• TO DO
The lines to repeat are those below from the one containing "För tiger stående cranefly" down to the one containing "Virus: Classification des", both included; reproduce them exactly and nothing else.

• INFORMATION SHOWN
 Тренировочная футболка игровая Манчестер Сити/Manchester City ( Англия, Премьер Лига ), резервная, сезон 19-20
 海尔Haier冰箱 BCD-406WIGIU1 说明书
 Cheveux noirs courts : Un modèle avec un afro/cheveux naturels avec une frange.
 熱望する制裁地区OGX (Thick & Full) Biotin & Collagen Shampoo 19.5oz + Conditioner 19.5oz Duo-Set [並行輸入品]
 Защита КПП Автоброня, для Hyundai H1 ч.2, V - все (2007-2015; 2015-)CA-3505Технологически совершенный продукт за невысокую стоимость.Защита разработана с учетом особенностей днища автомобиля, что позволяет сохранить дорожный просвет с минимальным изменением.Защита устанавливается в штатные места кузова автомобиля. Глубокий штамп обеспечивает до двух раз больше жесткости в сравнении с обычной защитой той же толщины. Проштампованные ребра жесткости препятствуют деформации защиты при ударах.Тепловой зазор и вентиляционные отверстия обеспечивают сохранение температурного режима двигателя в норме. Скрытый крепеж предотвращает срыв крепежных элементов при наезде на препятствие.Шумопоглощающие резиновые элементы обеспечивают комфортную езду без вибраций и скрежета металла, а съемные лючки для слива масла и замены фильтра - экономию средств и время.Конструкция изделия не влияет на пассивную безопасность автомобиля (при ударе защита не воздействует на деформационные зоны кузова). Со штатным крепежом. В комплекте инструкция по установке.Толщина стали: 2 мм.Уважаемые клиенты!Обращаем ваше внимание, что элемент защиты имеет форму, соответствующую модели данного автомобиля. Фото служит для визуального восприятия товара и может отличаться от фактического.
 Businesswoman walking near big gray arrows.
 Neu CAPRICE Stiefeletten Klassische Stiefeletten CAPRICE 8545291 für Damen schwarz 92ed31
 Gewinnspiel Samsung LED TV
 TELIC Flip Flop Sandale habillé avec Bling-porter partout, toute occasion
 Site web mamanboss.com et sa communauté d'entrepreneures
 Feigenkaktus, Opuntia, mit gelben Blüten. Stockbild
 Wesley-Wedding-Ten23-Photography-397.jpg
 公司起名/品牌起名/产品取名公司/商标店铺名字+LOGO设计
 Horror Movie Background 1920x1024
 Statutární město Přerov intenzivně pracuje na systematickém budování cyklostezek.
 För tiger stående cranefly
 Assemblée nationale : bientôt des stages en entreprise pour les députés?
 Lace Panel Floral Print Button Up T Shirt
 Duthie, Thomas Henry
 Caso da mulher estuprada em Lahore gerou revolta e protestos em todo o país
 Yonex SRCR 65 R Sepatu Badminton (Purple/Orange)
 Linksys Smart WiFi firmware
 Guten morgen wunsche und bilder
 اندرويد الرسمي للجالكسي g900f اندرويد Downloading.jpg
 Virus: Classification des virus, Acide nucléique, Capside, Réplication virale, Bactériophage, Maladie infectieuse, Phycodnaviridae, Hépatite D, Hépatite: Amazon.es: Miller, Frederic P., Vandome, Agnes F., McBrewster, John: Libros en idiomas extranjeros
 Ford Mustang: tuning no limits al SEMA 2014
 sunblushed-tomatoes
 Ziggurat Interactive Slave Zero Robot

• RESPONSE TO THE EXERCISE
 För tiger stående cranefly
 Assemblée nationale : bientôt des stages en entreprise pour les députés?
 Lace Panel Floral Print Button Up T Shirt
 Duthie, Thomas Henry
 Caso da mulher estuprada em Lahore gerou revolta e protestos em todo o país
 Yonex SRCR 65 R Sepatu Badminton (Purple/Orange)
 Linksys Smart WiFi firmware
 Guten morgen wunsche und bilder
 اندرويد الرسمي للجالكسي g900f اندرويد Downloading.jpg
 Virus: Classification des virus, Acide nucléique, Capside, Réplication virale, Bactériophage, Maladie infectieuse, Phycodnaviridae, Hépatite D, Hépatite: Amazon.es: Miller, Frederic P., Vandome, Agnes F., McBrewster, John: Libros en idiomas extranjeros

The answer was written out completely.